I'm developing an application for Facebook using the iframe mode and ASP.NET.

I'm able to use the new OAuth method that combines the allow and the extended permissions. When I click on the Allow everything works as expected, but when I click on the "Don't Allow" I get a 500 internal error.
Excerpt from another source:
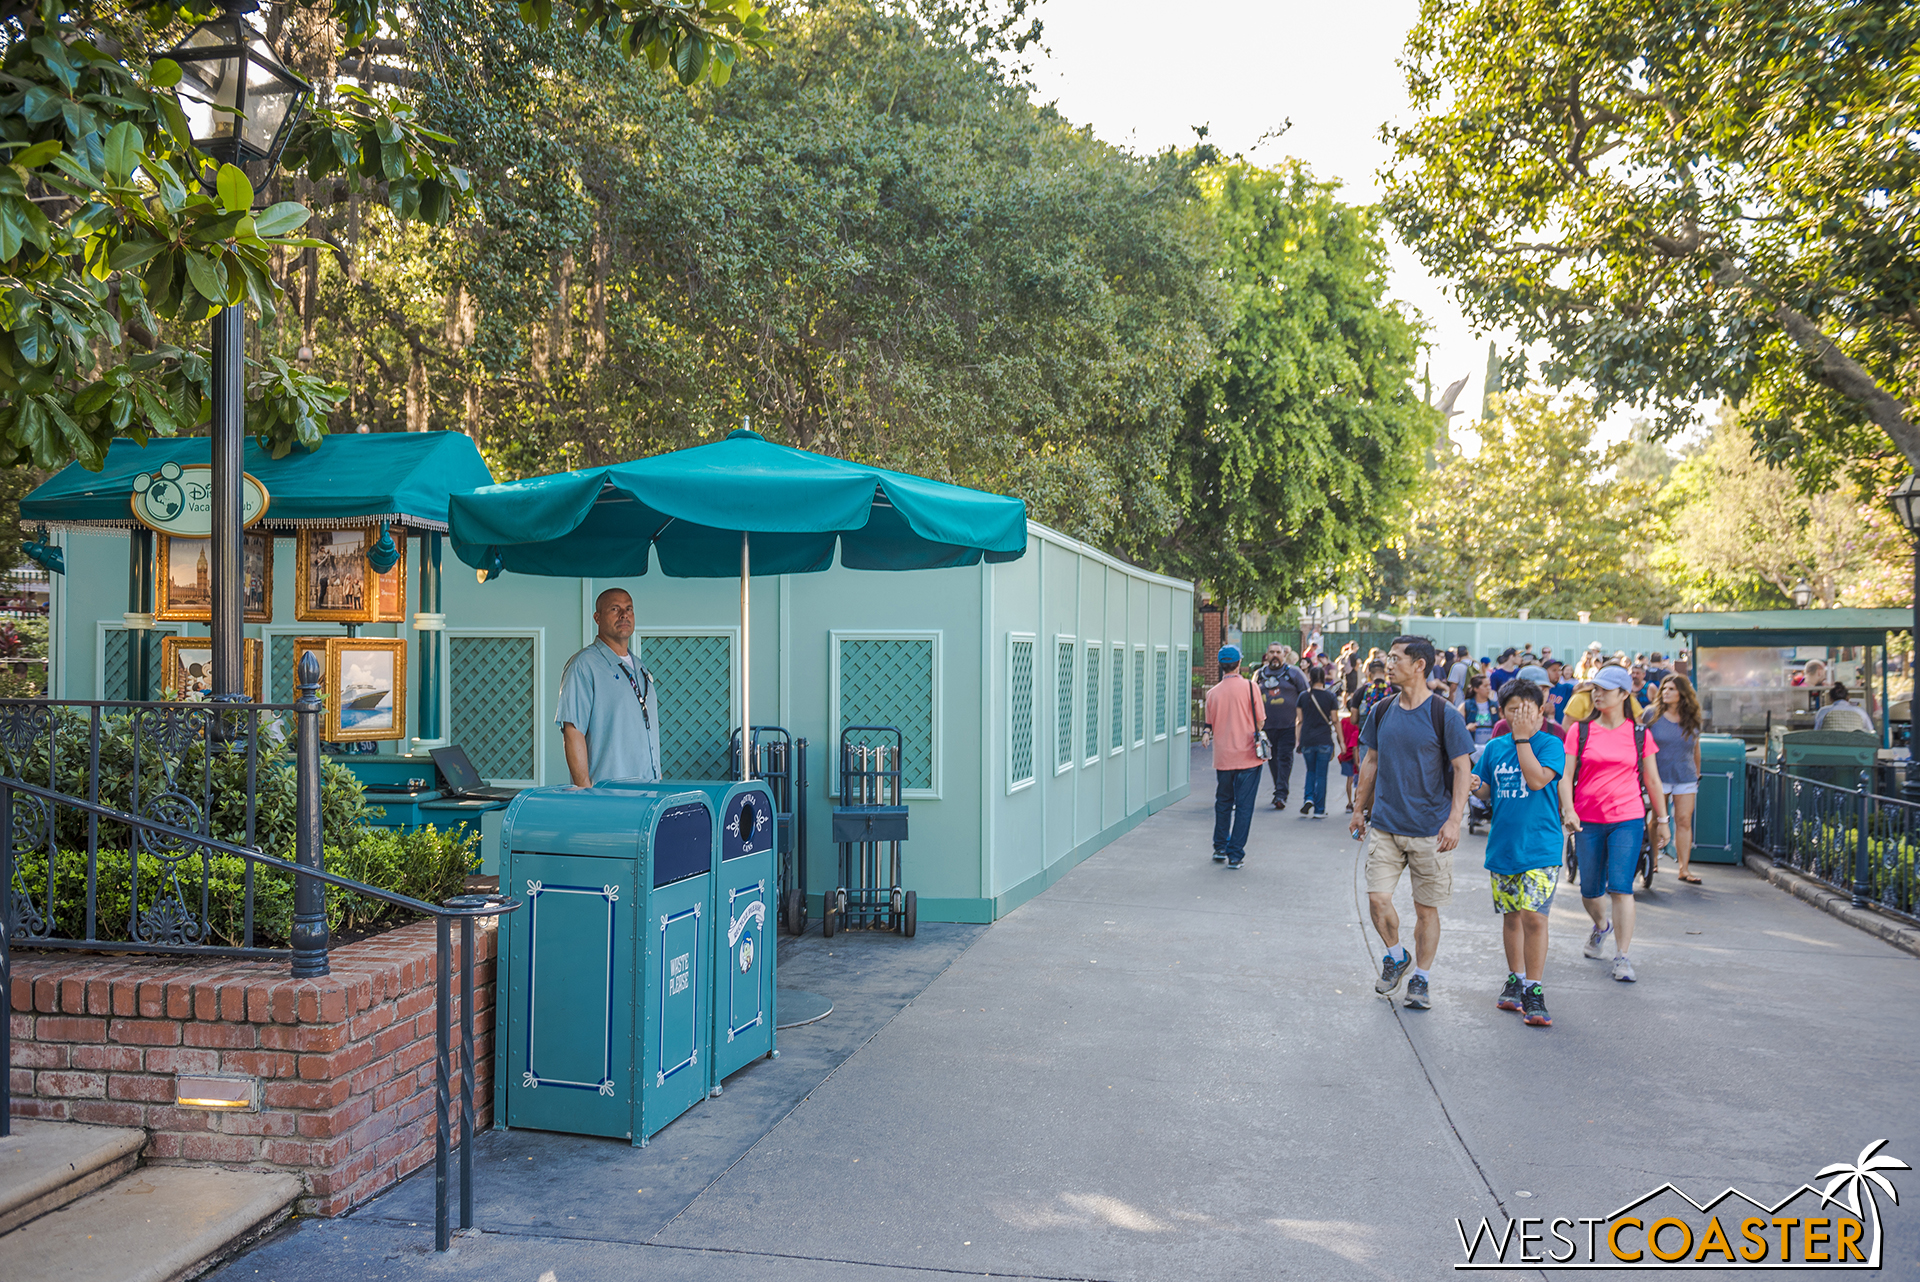  Planters under refurbishment in the foreground.  Haunted Mansion under refurbishment in the background. 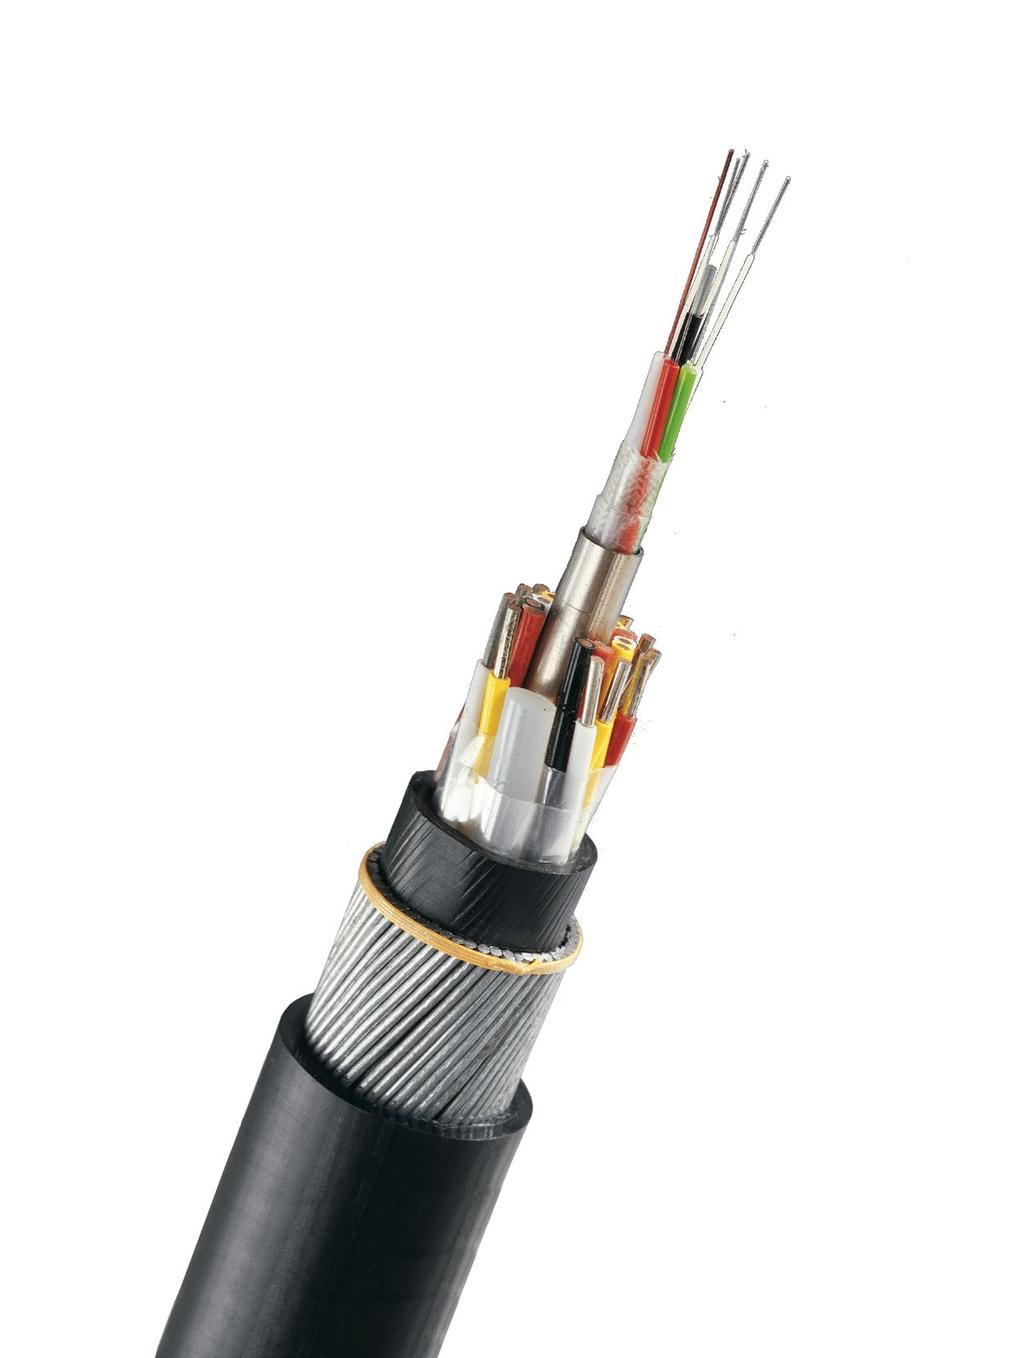 SPECIAL CABLES The continuous technological evolution led to an increase of the demand of customized products fulfilling specific requests.

The Request For Permission url is:

http://www.facebook.com/connect/uiserver.php?client_id=389845102120&scope=publish_stream%2Cuser_birthday%2Cemail&redirect_uri=http%3A%2F%2Fapps.facebook.com%2Fplumreward%2FDefault.aspx%3Fpid%3D124733857540930&display=page&next=http%3A%2F%2Fgraph.facebook.com%2Foauth%2Fauthorize_success%3Fclient_id%3D389845102120%26scope%3Dpublish_stream%252Cuser_birthday%252Cemail%26redirect_uri%3Dhttp%253A%252F%252Fapps.facebook.com%252Fplumreward%252FDefault.aspx%253Fpid%253D124733857540930%26type%3Dweb_server&cancel_url=http%3A%2F%2Fgraph.facebook.com%2Foauth%2Fauthorize_cancel%3Fclient_id%3D389845102120%26scope%3Dpublish_stream%252Cuser_birthday%252Cemail%26redirect_uri%3Dhttp%253A%252F%252Fapps.facebook.com%252Fplumreward%252FDefault.aspx%253Fpid%253D124733857540930%26type%3Dweb_server&app_id=389845102120&method=permissions.request&return_session=1&perms=publish_stream%2Cuser_birthday%2Cemail

When I click don't allow it goes to http://www.facebook.com/connect/uiserver.php and then to

http://graph.facebook.com/oauth/authorize_success?client_id=389845102120&scope=publish_stream%2Cuser_birthday%2Cemail&redirect_uri=http%3A%2F%2Fapps.facebook.com%2Fplumreward%2FDefault.aspx%3Fpid%3D124733857540930&type=web_server&perms&selected_profiles=567961887

with a HTTP 500 Internal Server Error.

What am I doing wrong? Am I missing a setting, parameter? Is this a FB bug?